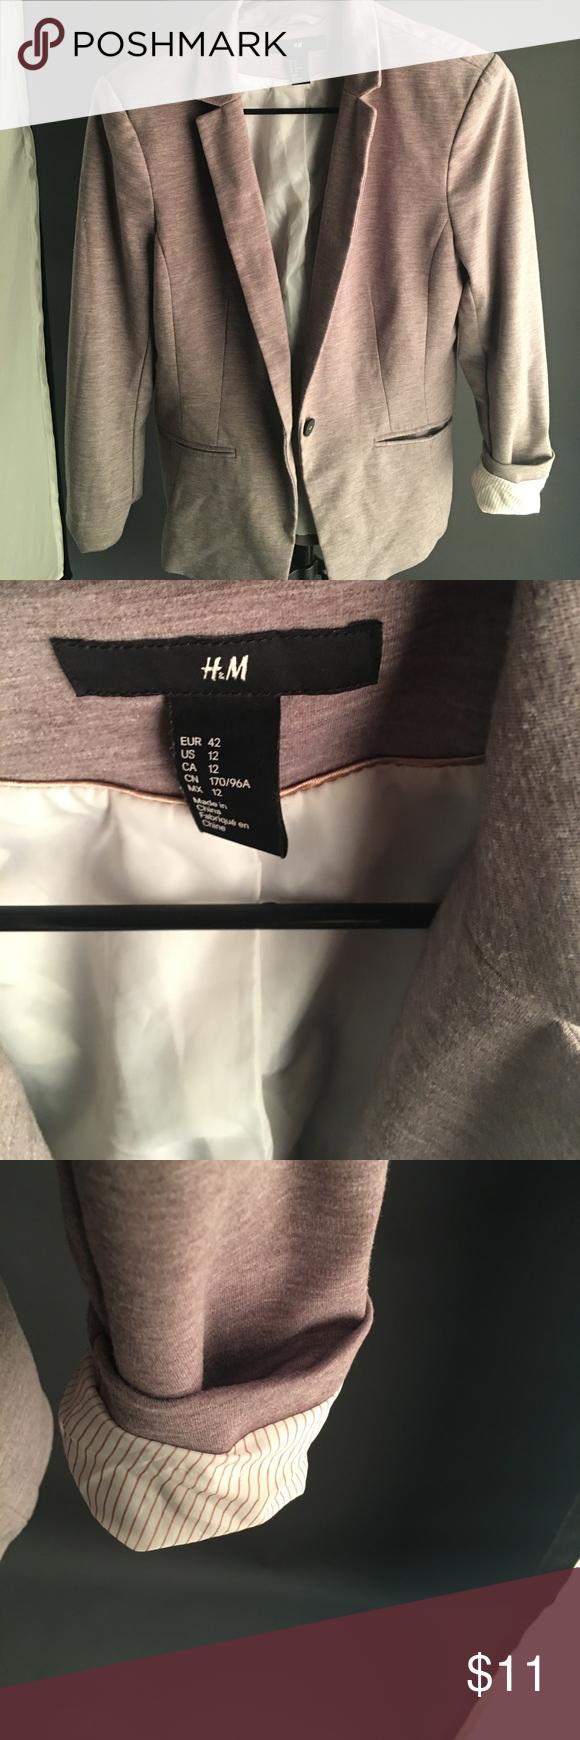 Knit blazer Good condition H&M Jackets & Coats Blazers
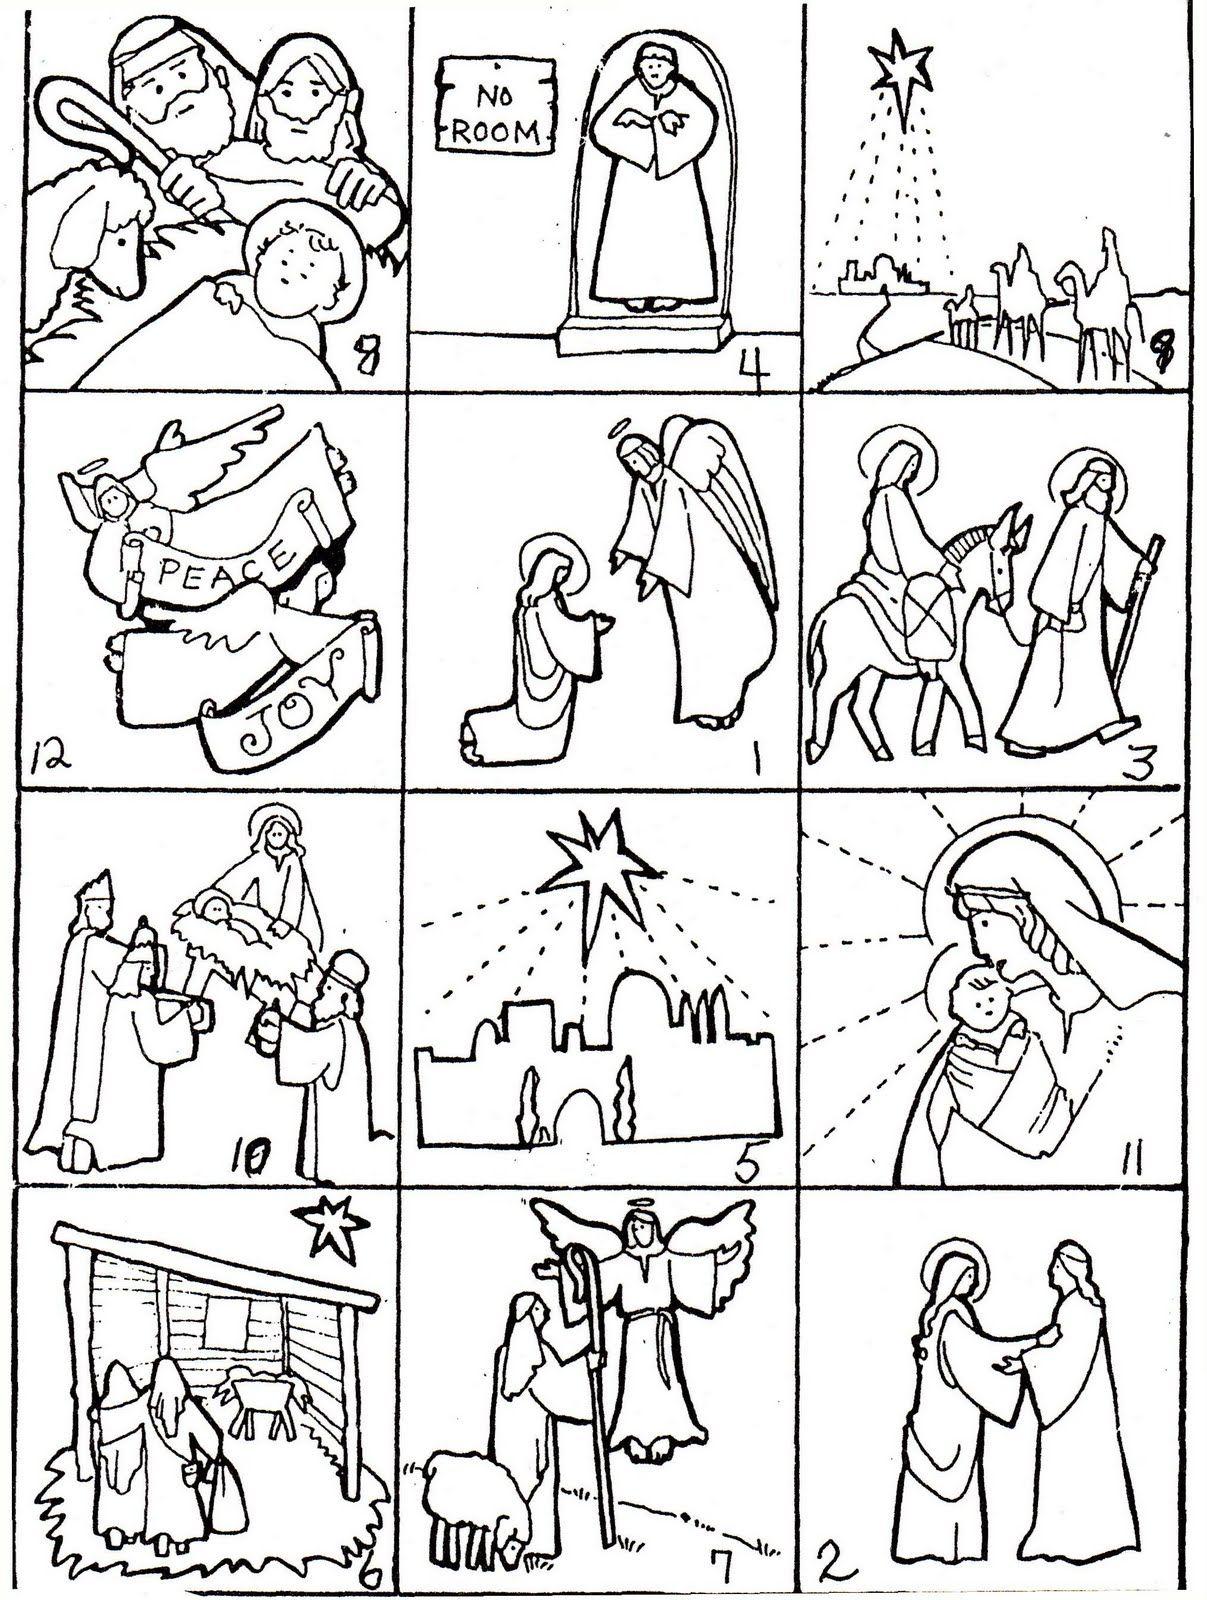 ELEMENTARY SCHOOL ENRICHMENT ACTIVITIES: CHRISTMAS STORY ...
○ ○ ○ ○ ○ ○ ○
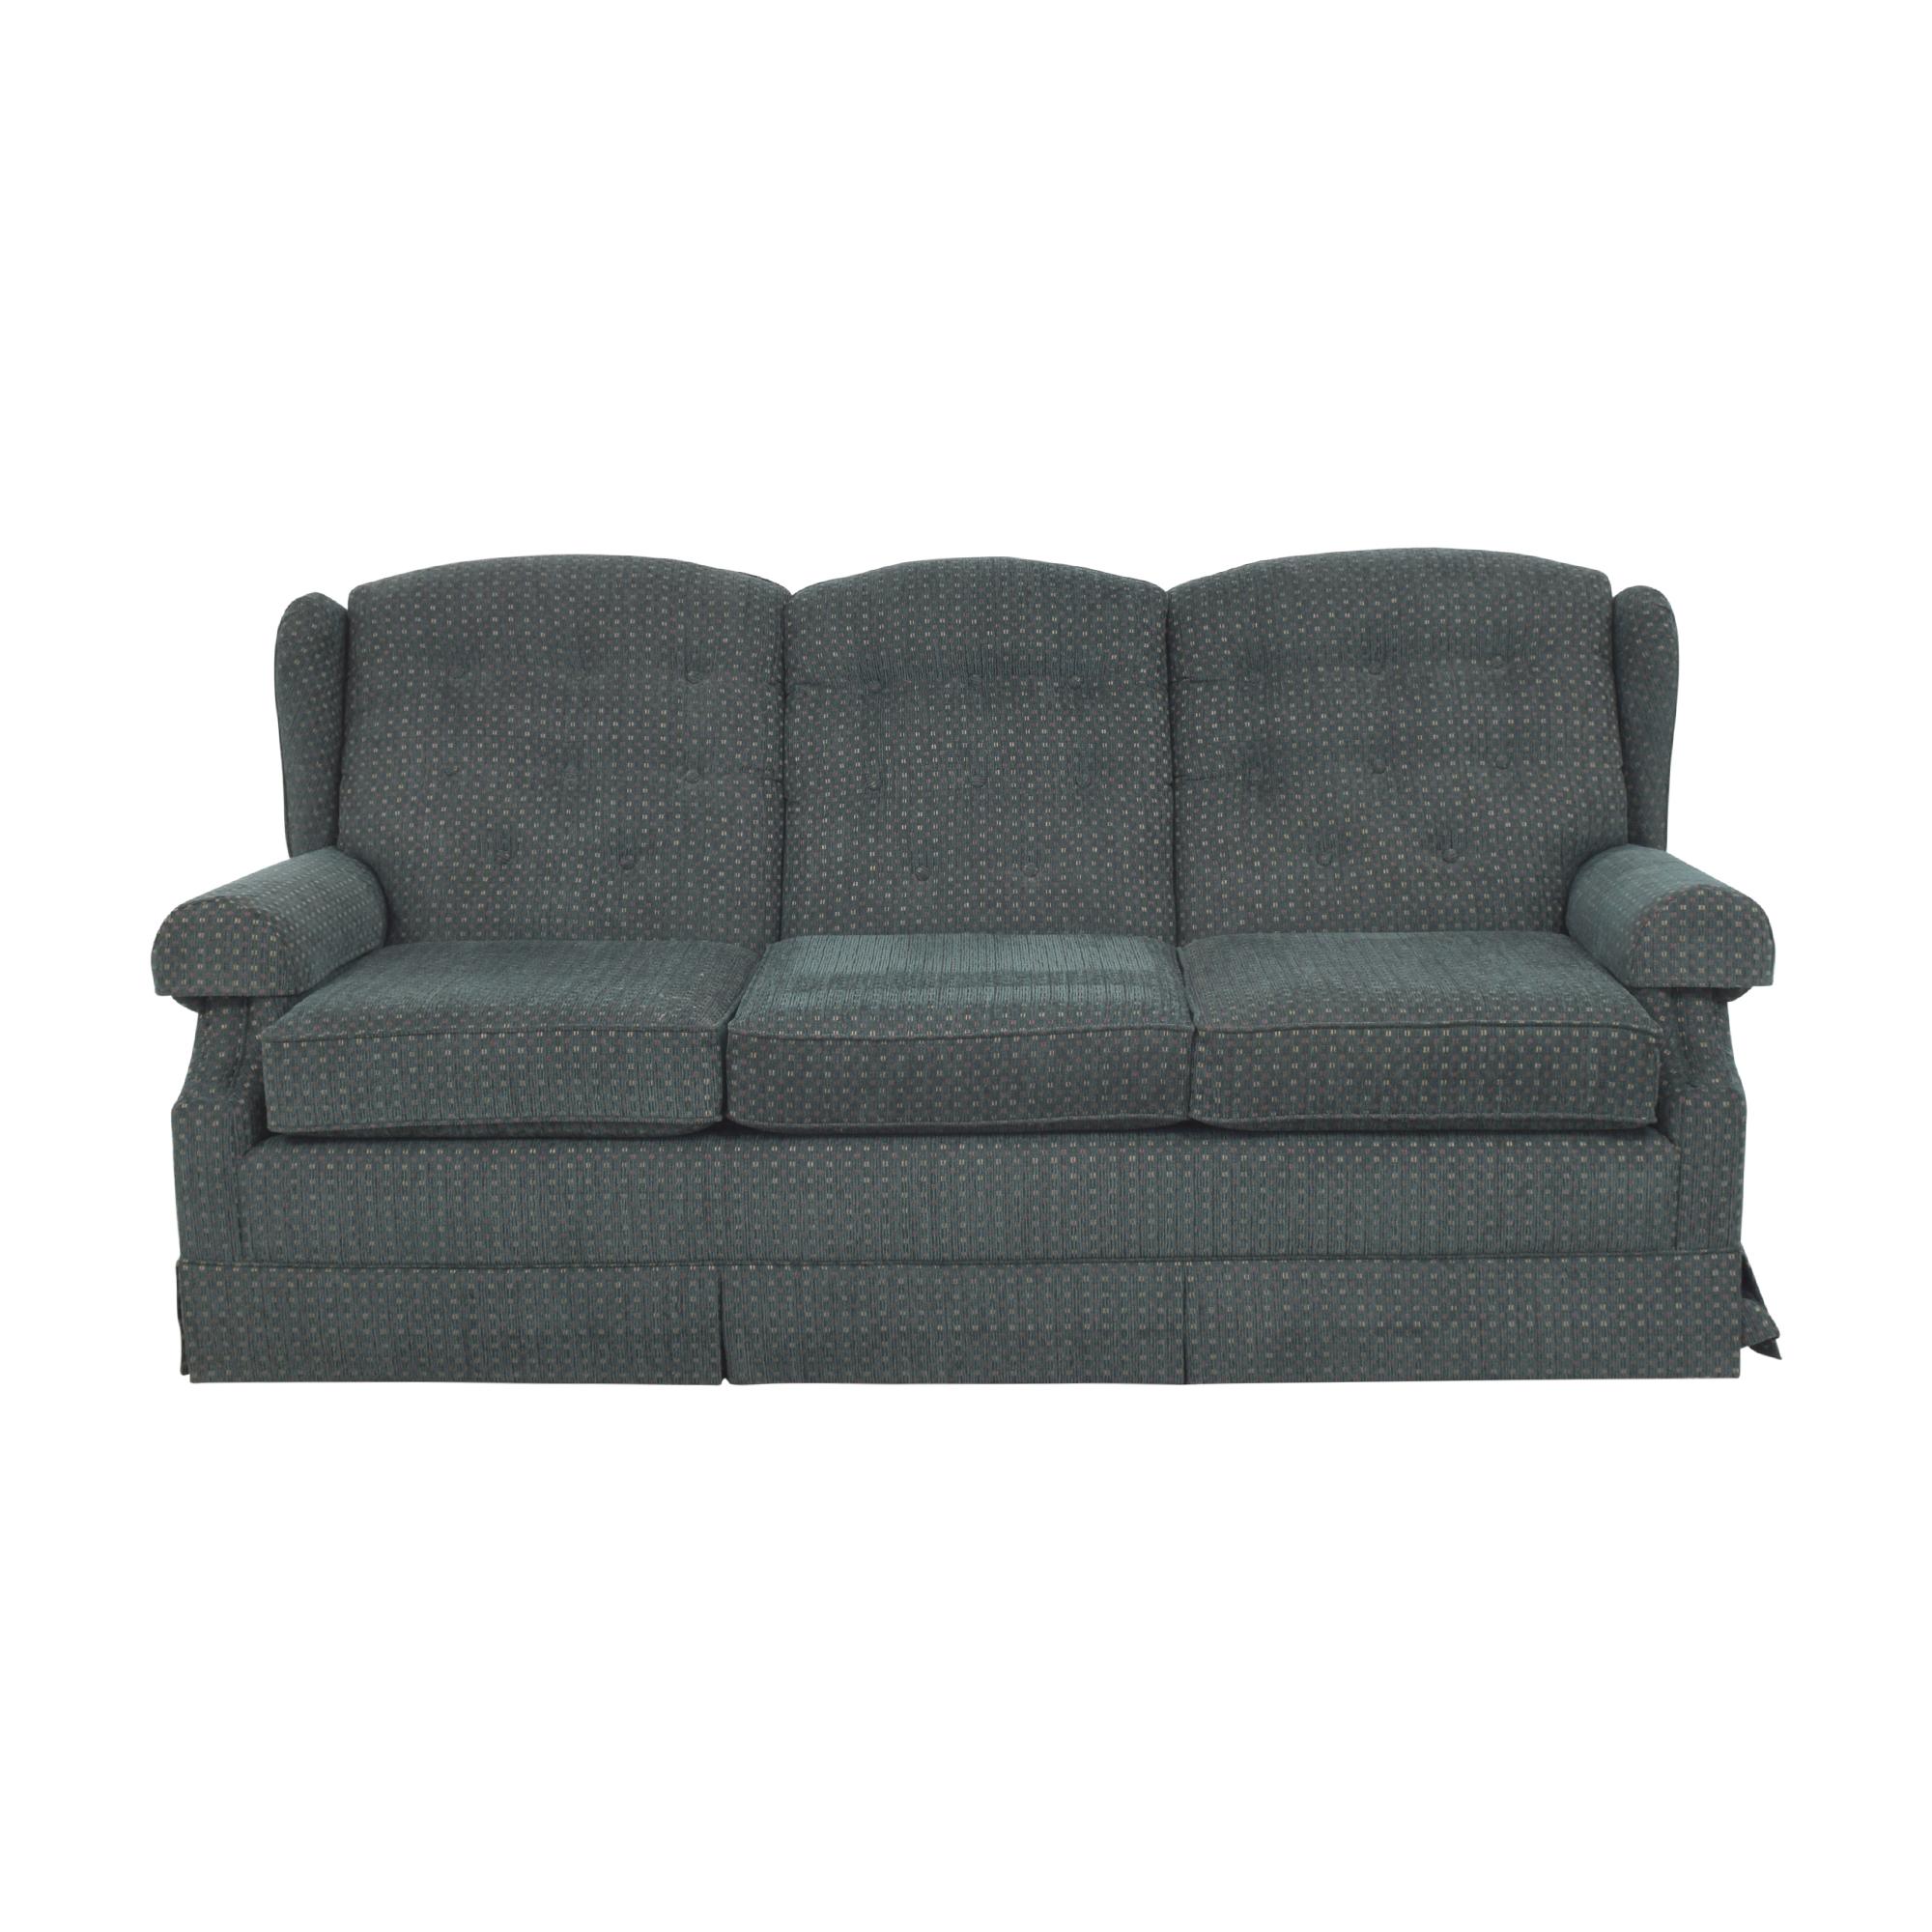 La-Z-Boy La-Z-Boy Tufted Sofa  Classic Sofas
○ ○ ○ ○ ○ ○ ○
About this exercise
Word for word, write out the lines above running from the one with "Knit blazer Good" up to and including the one with "ELEMENTARY SCHOOL ENRICHMENT". Drop any picture.

Written answer
 Knit blazer Good condition H&M Jackets & Coats Blazers
 ELEMENTARY SCHOOL ENRICHMENT ACTIVITIES: CHRISTMAS STORY ...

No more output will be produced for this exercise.